» **Source material**:
BEGIN
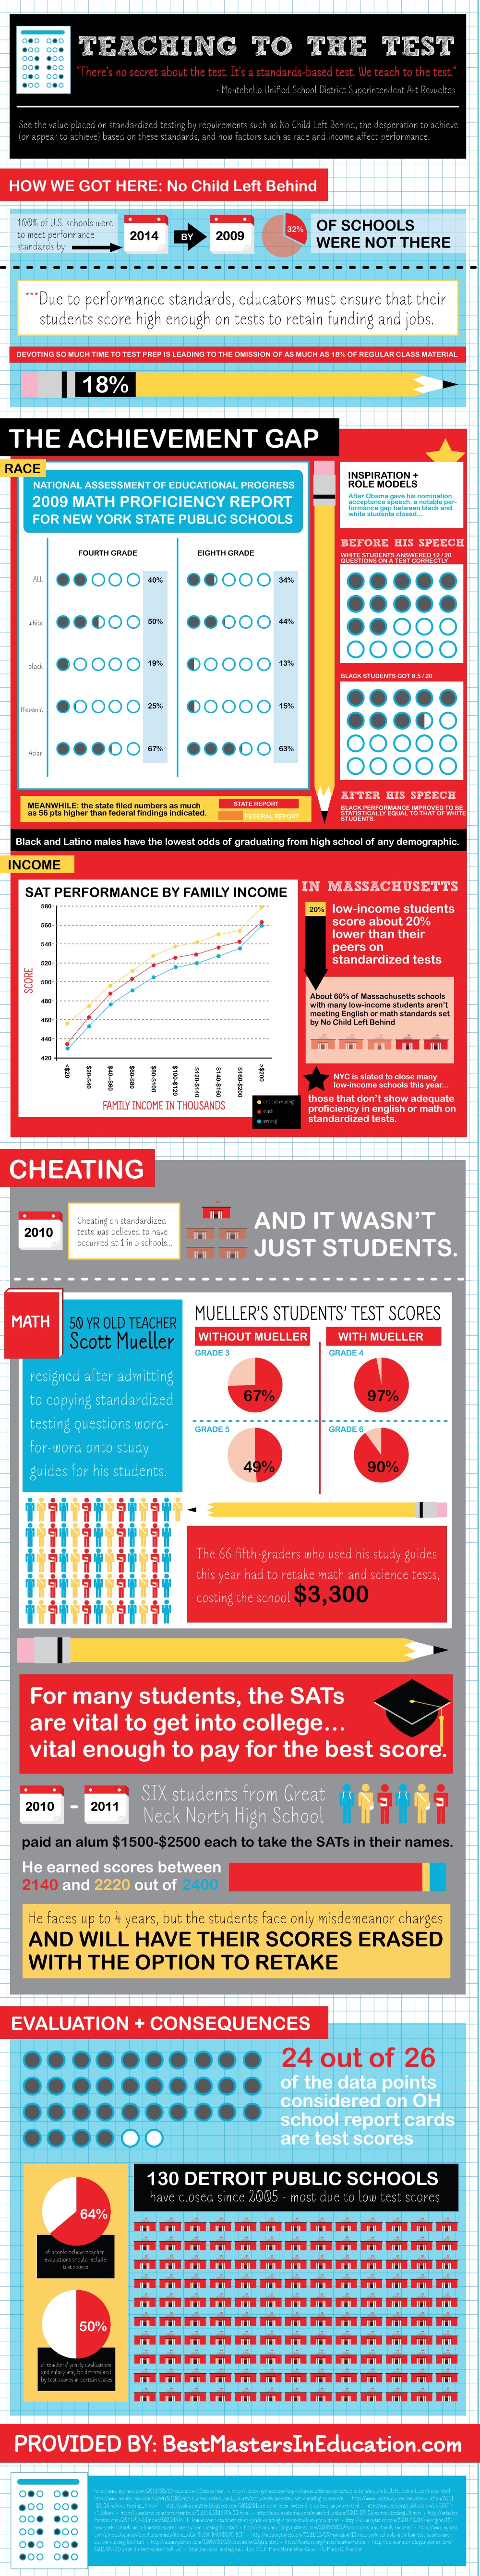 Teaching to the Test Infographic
END
BEGIN
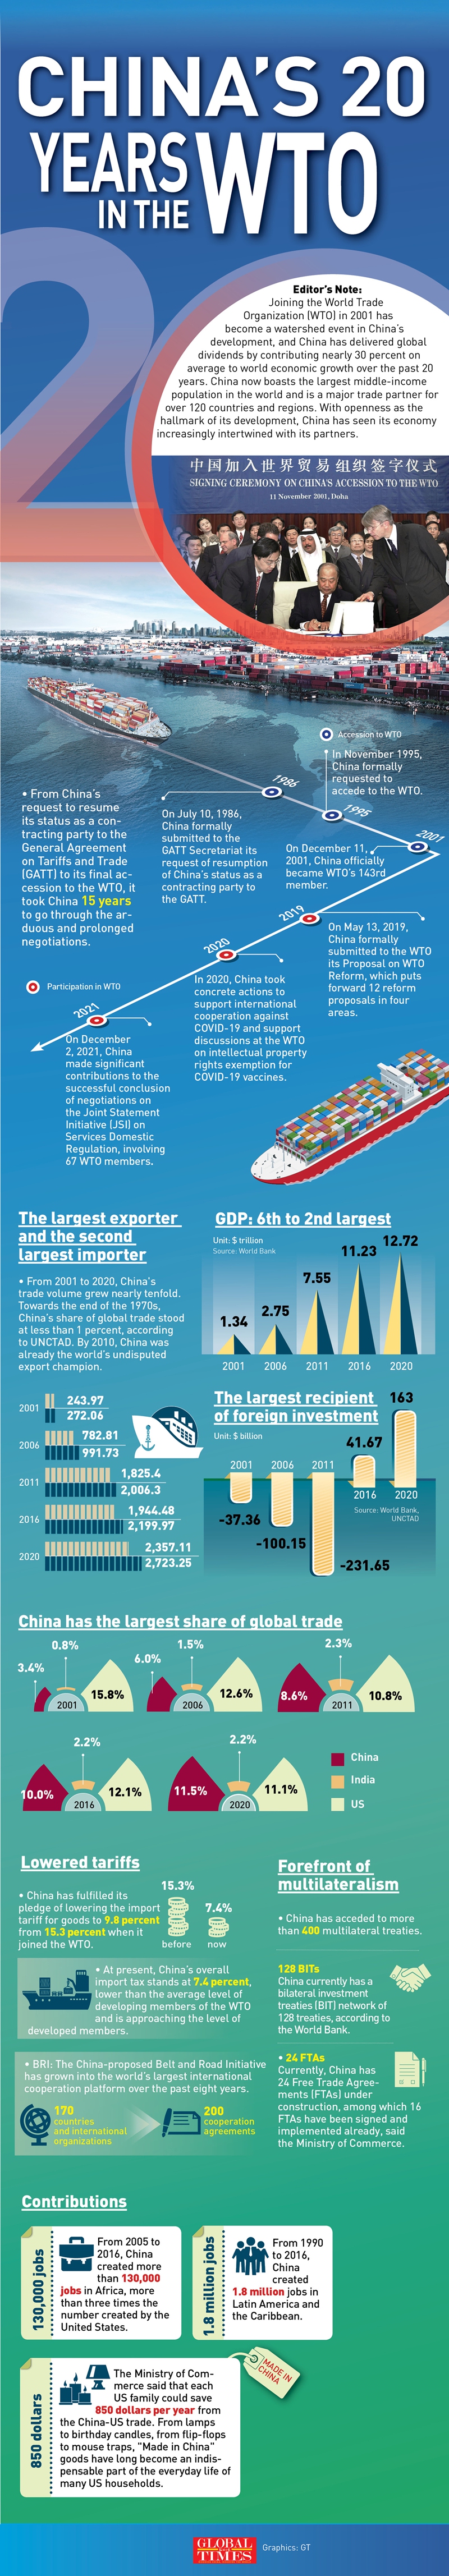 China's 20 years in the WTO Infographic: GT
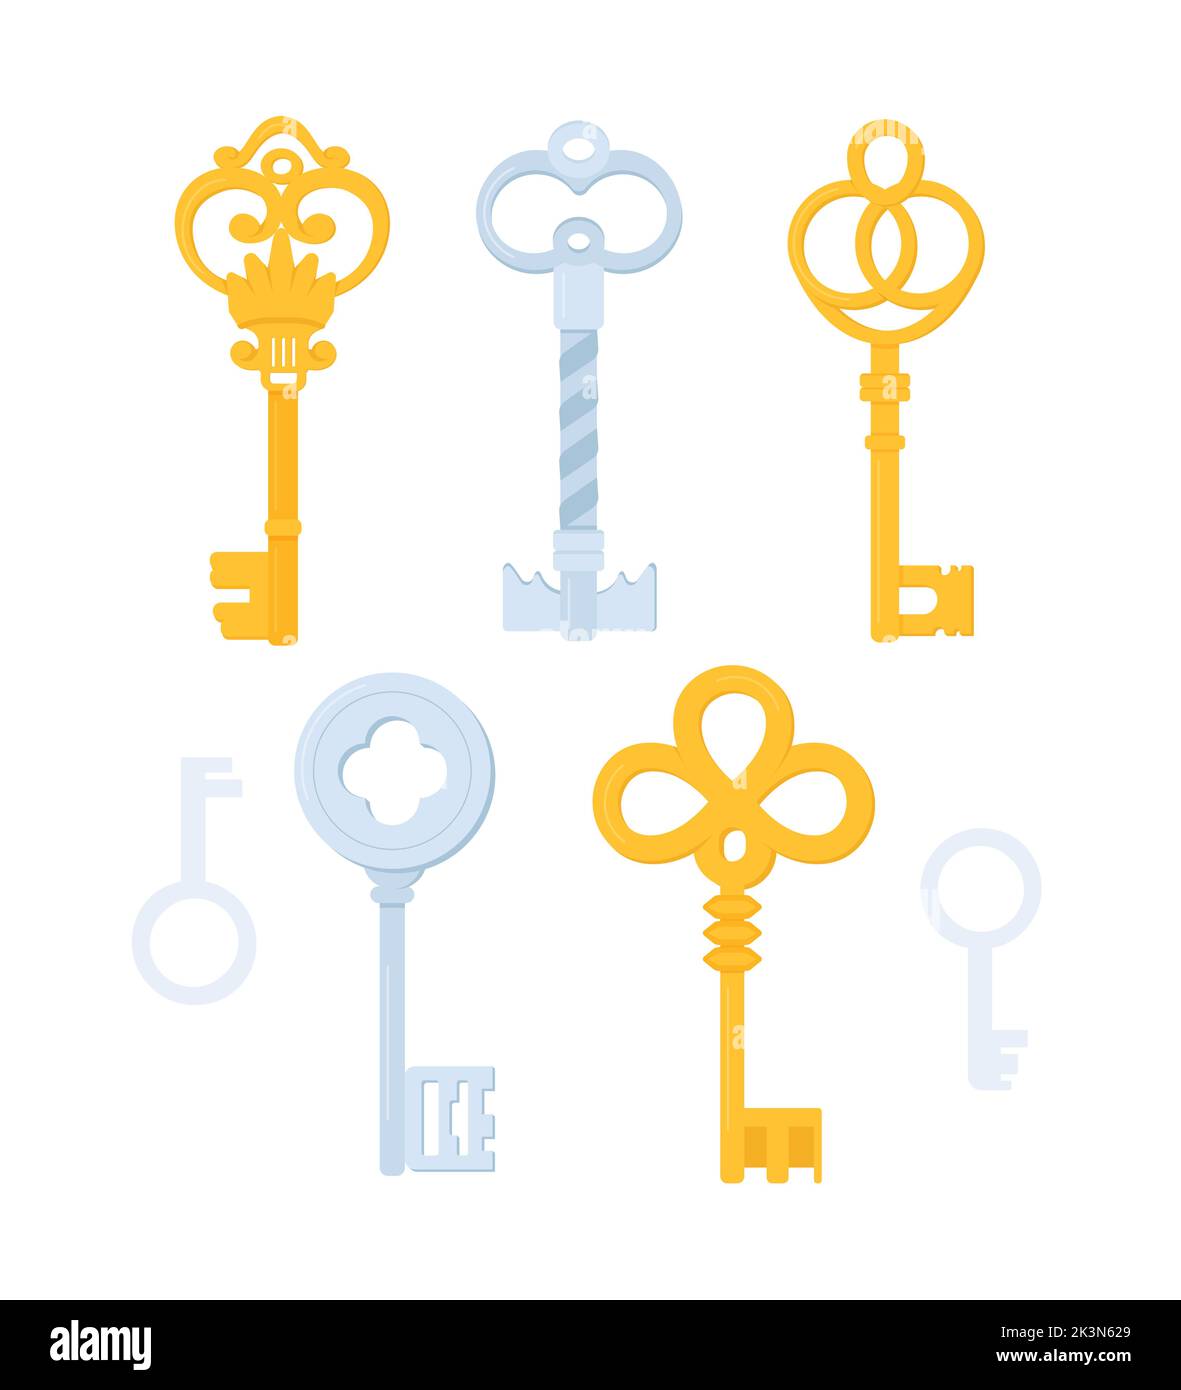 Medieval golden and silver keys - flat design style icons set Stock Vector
END
» **The task**: Precisely those lines above that run from the line with "China's 20 years in the WTO Infographic: GT" up to and including the line with "Medieval golden and" are to be set down, with the pictures omitted.

» **Solution to the problem**:
 China's 20 years in the WTO Infographic: GT
 Medieval golden and silver keys - flat design style icons set Stock Vector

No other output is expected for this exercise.